■ TRY IT ■
Without the images, repeat every line of the listing exactly.

(Beginning of SOURCE MATERIAL)

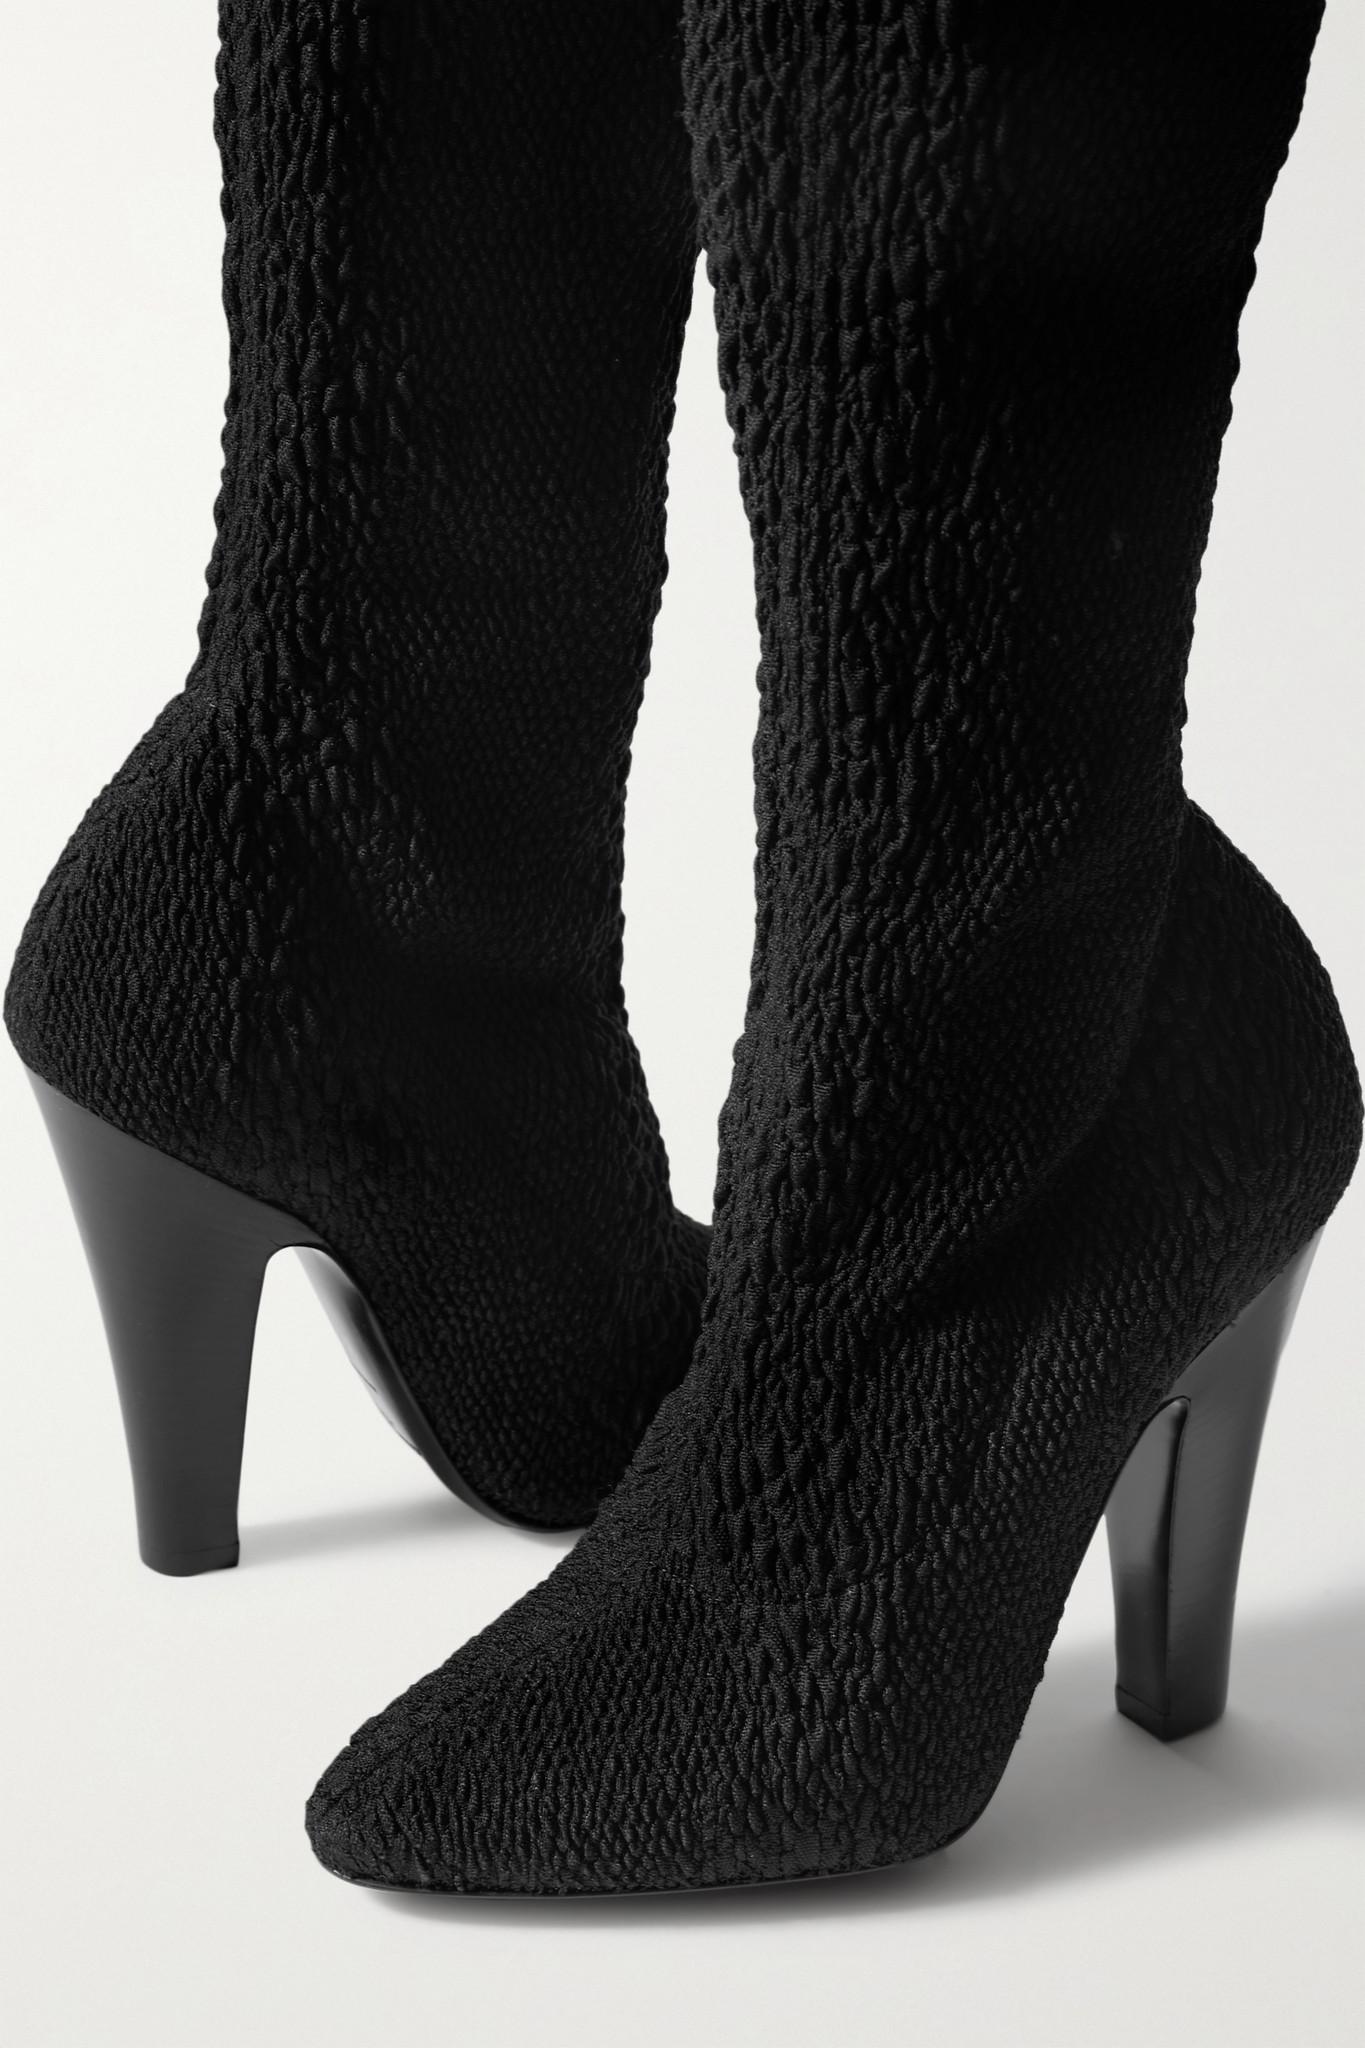 Saint Laurent Koller Stretch-cloqué Over-the-knee Boots in Black | Lyst
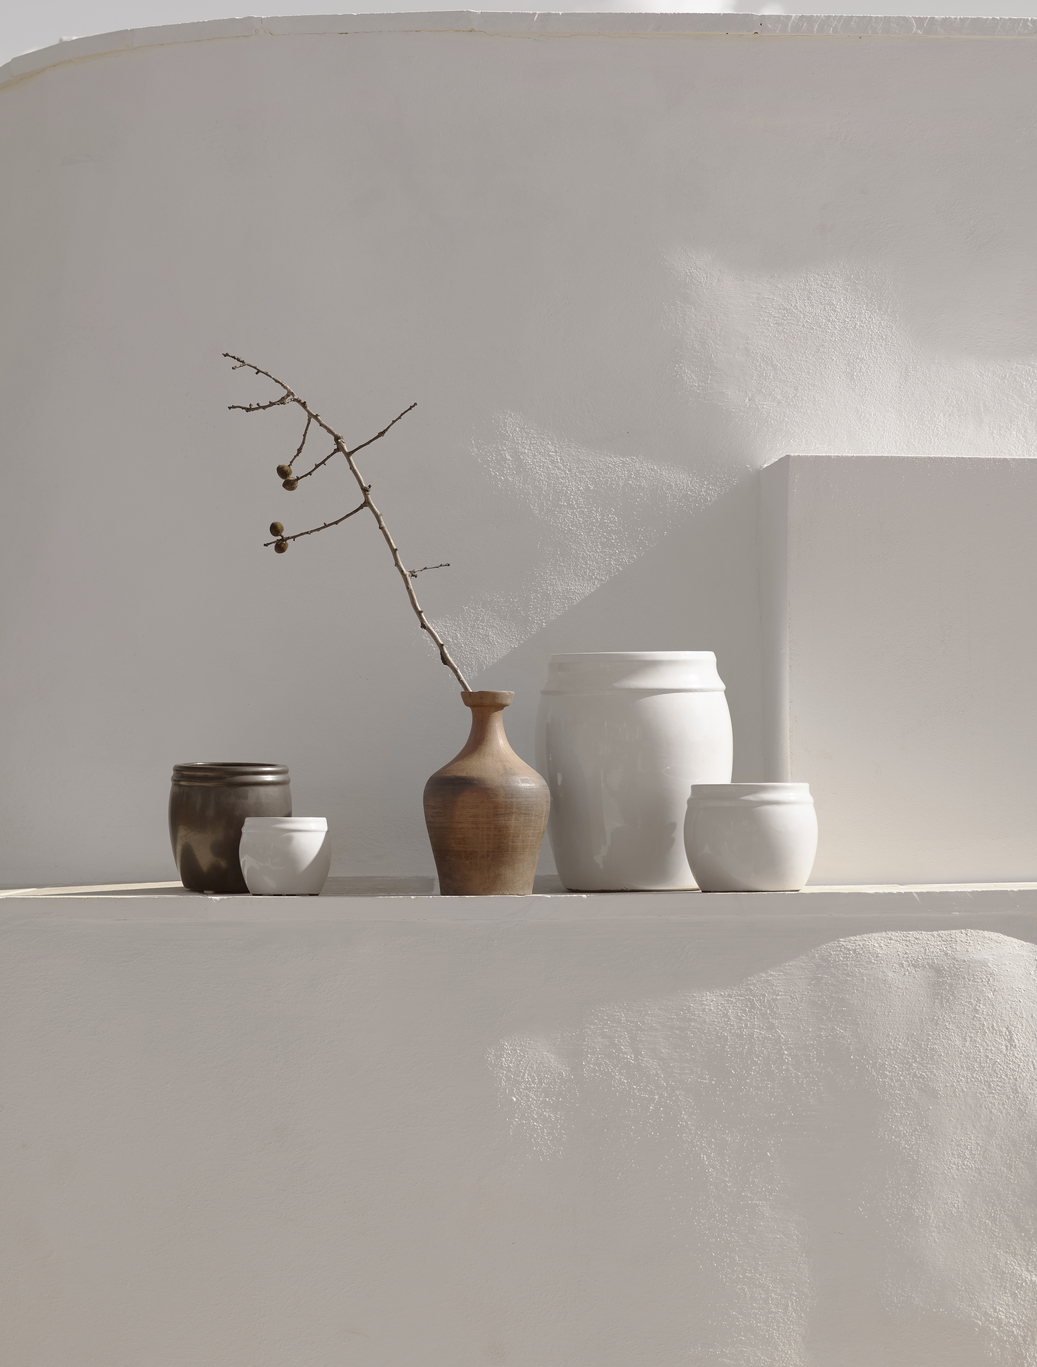 Warm Mediterranean Living With the Tine K Home Stay Collection
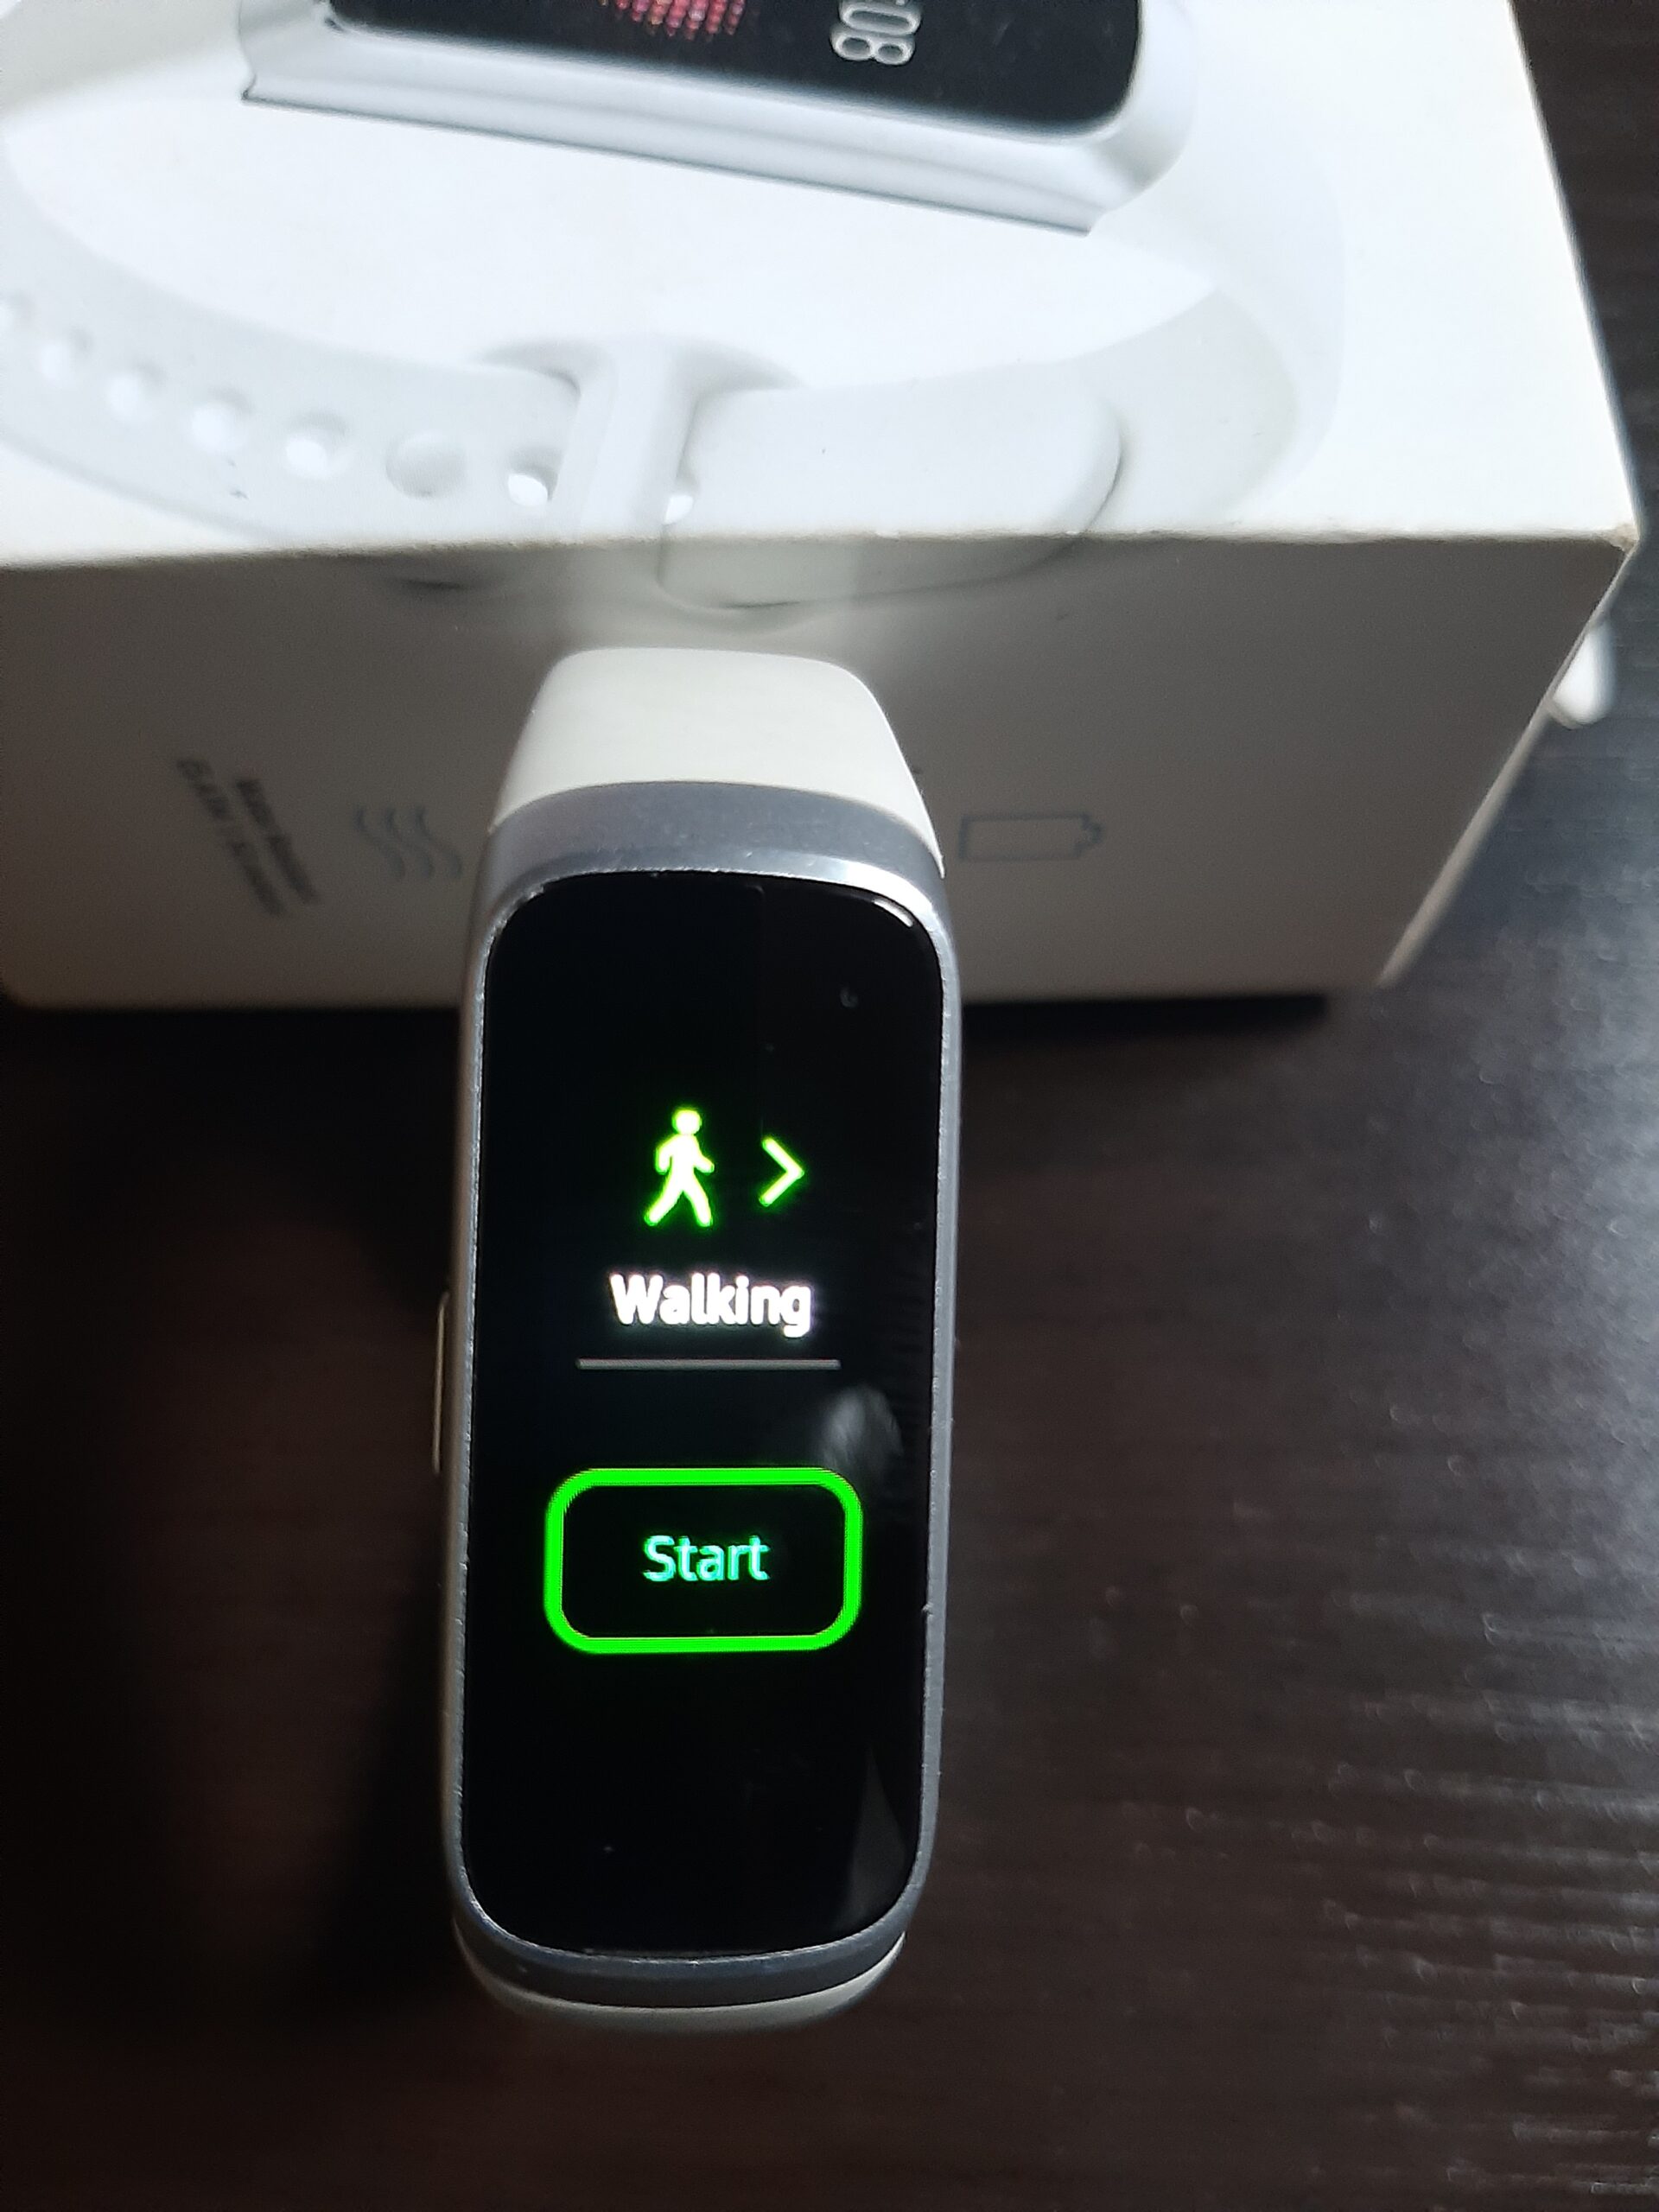 Hands On: Samsung Galaxy Fit In-depth Review – 6 Weeks After

(End of SOURCE MATERIAL)

■ RESPONSE TO THE EXERCISE ■
 Saint Laurent Koller Stretch-cloqué Over-the-knee Boots in Black | Lyst
 Warm Mediterranean Living With the Tine K Home Stay Collection
 Hands On: Samsung Galaxy Fit In-depth Review – 6 Weeks After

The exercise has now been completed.